And You Thought Coming Up with the Business Idea Was Hard: Employment Tips for Start Up Companies
Move over California, Texas, and New York, according to a recent studies, South Florida is actually the nation’s hottest place for new business startups. At least that’s the findings of the most recent report from the Kauffman Foundation, which studies entrepreneurship trends across the country. Last year, reported the Miami Herald, the Miami-Fort Lauderdale metropolitan area reached the No. 1 ranking on Kauffman’s Index of Startup Activity, beating out the previous champion, Austin, Texas.
Perhaps you are looking to join the startup trend and get your own business up-and-running here in Florida? Before you open your doors, however, there are several legal issues you will need to address. Here is a brief rundown of just some of the potential pitfalls your new venture may face.
Are You Subject to Work Restrictions, Such as a Non-Compete Agreement?
Commonly, most startup founders already work in their chosen industry, as an employee for someone else. If you are planning to leave your current employer for your own business, you need to carefully review your existing employment contract (assuming you have one). Many employers include non-compete provisions that may prevent you from starting a competing business in the same area for a period of time. Depending on which state applies to your Agreement (typically found in a “Choice of Law” provision), these restrictions may be enforceable.
For instance, states like Florida provide that non-compete agreements are enforceable, to an extent. For starters, the Agreement must be in writing and signed by you. To have a restriction, the employer must show that the restriction serves a “legitimate business interest” of your current employer and be reasonable in time and geographic scope. For example, if your employer is based in Miami, a non-compete forbidding you from opening a competing business in the Miami-Fort Lauderdale area could be reasonable, but if your territory is only Miami Dade, and you want to open to work in Tampa, but your agreement forbids you to work anywhere in Florida, it may be an unreasonable provision. For questions about whether a non-compete is enforceable, you should consult with an experienced employment lawyer.

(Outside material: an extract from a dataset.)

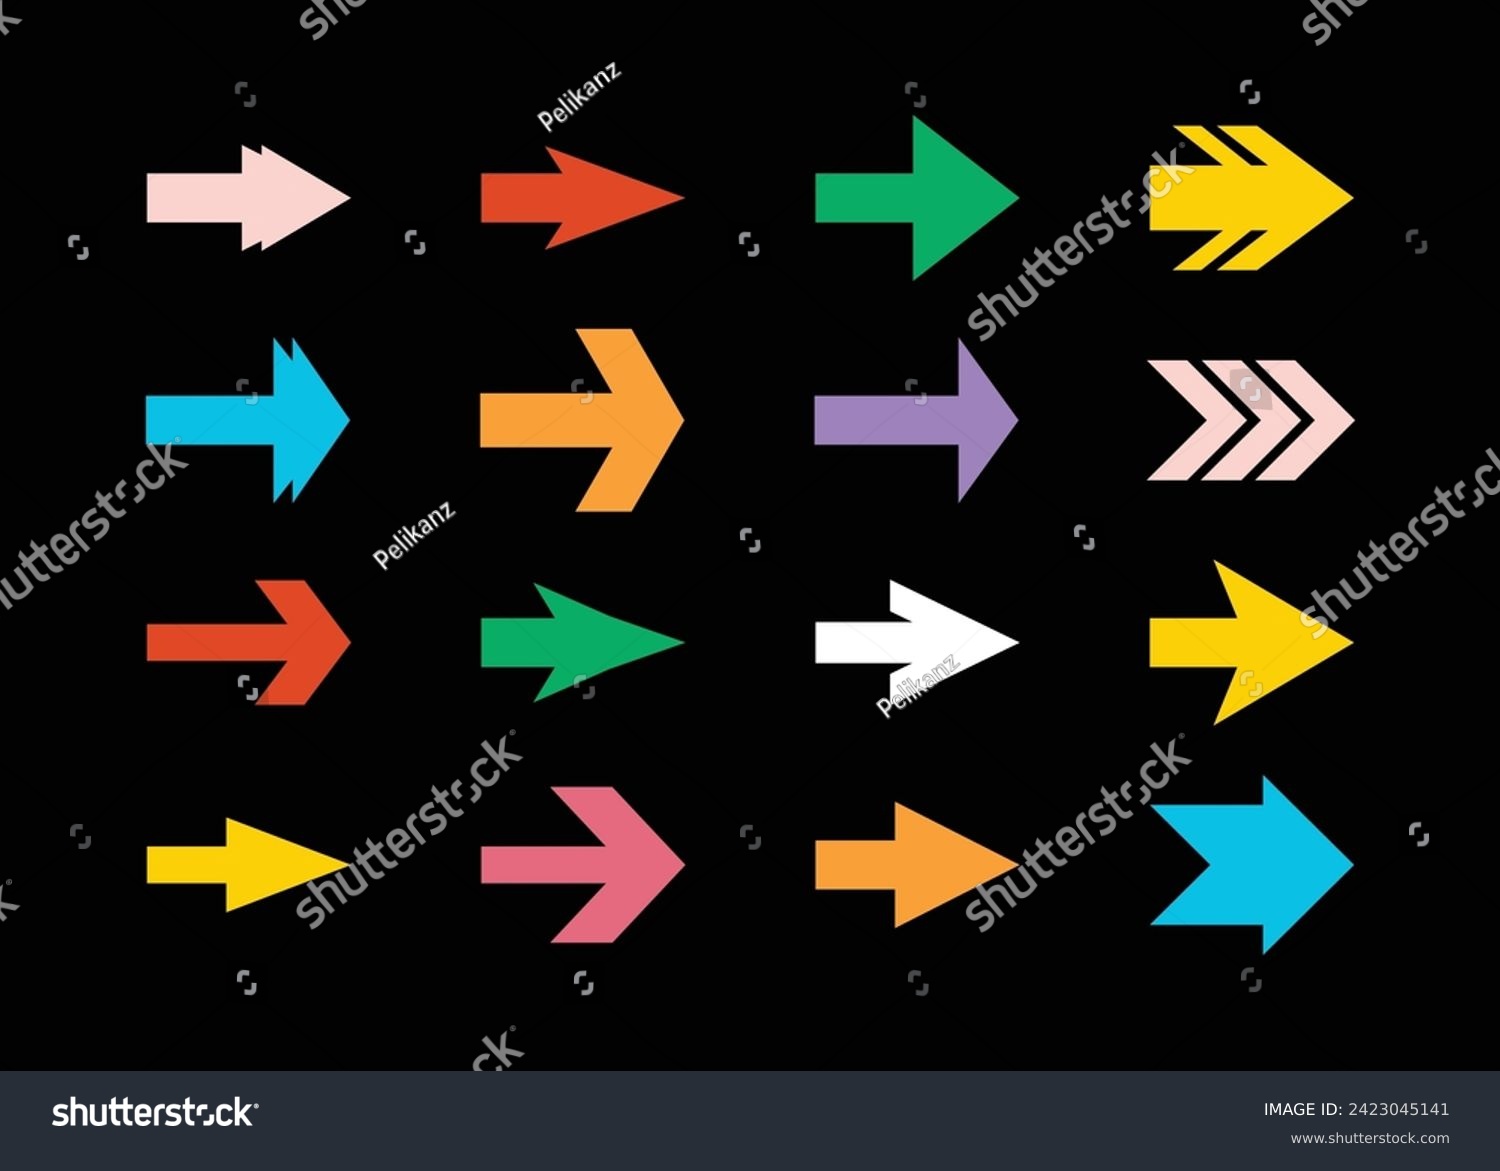 SVG of Trendy colorful isolated pointy sharp edge direction arrows icons design element set with different shapes on black background svg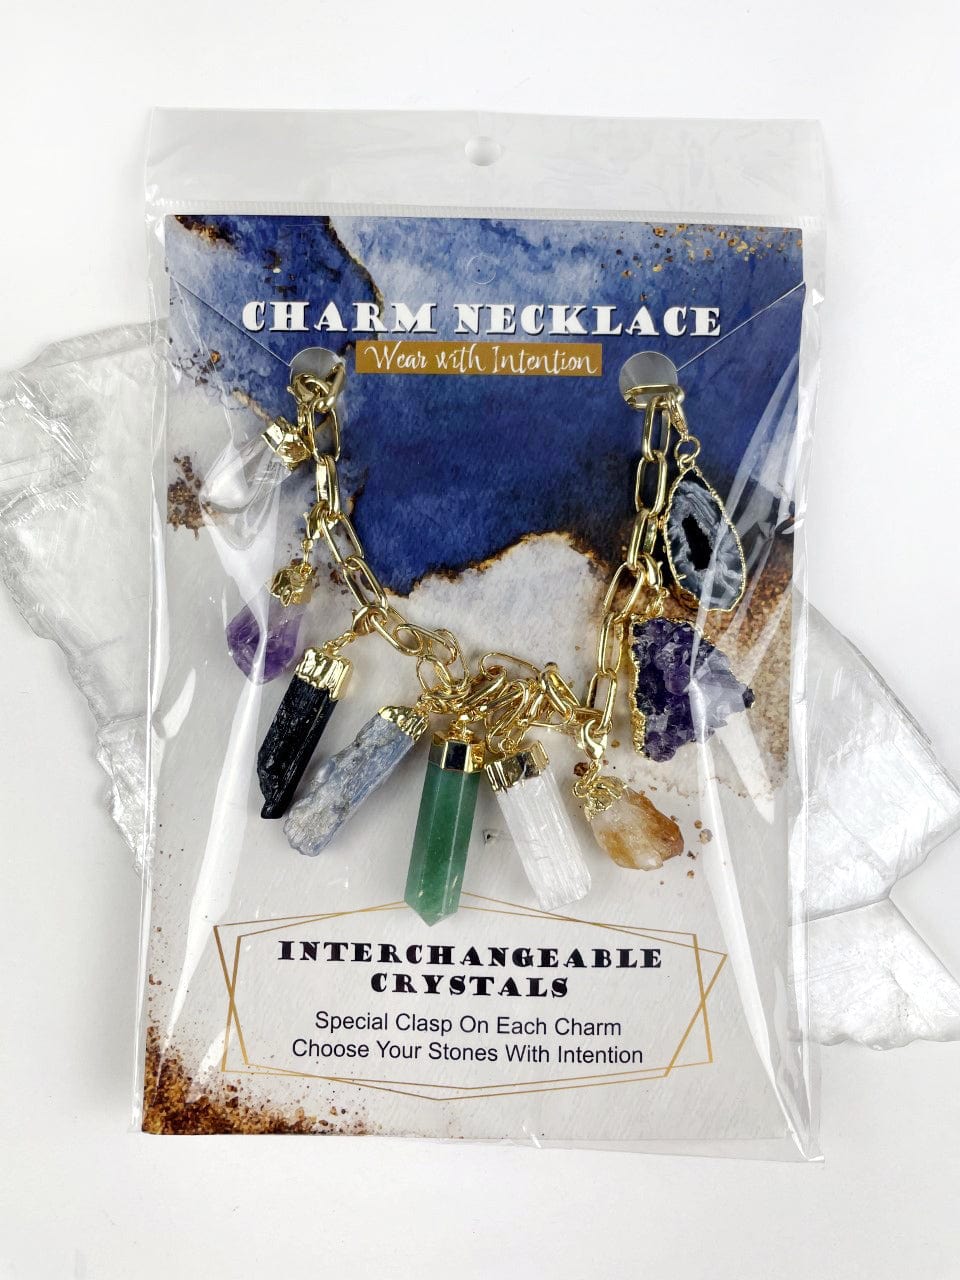 Gemstone and charms Necklace in gold in its packaging on a cute card

Does Your Current Employer Own Your Ideas?
Aside from whether or not you are allowed to compete against your current or former employer, you also need to make sure any intellectual property necessary to run your startup actually belongs to you. Let’s say you developed a software program while working for your former company for their use. You may have a problem if you intend to take that program with you to your startup, especially if you were subject to a “work-for-hire” agreement. The copyright may belongs to the employer, not you. Even if you did not officially develop the program as part of your regular job, if you used company resources in any way, the employer may have an argument that they have legal ownership of your work product. Again, if you have questions about whether you or your employer “owns” ideas or developments, you should consult with an experienced employment lawyer.
Can I Solicit My Former Co-Workers or Clients?
Perhaps you also have a non-solicit provision in your Employment Agreement. If so, such a clause means you agree not to try and take your clients with you if you go off on your own. Such non-solicitation provisions may also apply to other employees. In other words, if one of your former co-workers shows up at your new startup and asks for a job, your prior employment contract may prevent you from hiring them. In states like Florida, these types of provisions may also be enforceable.
This is simply a broad overview of the types of legal issues and considerations for Florida startup owners. More specific answers will depend on the unique facts of your situation. If you have additional questions or concerns, you should speak with an experienced Florida employment law attorney to understand your rights and obligations.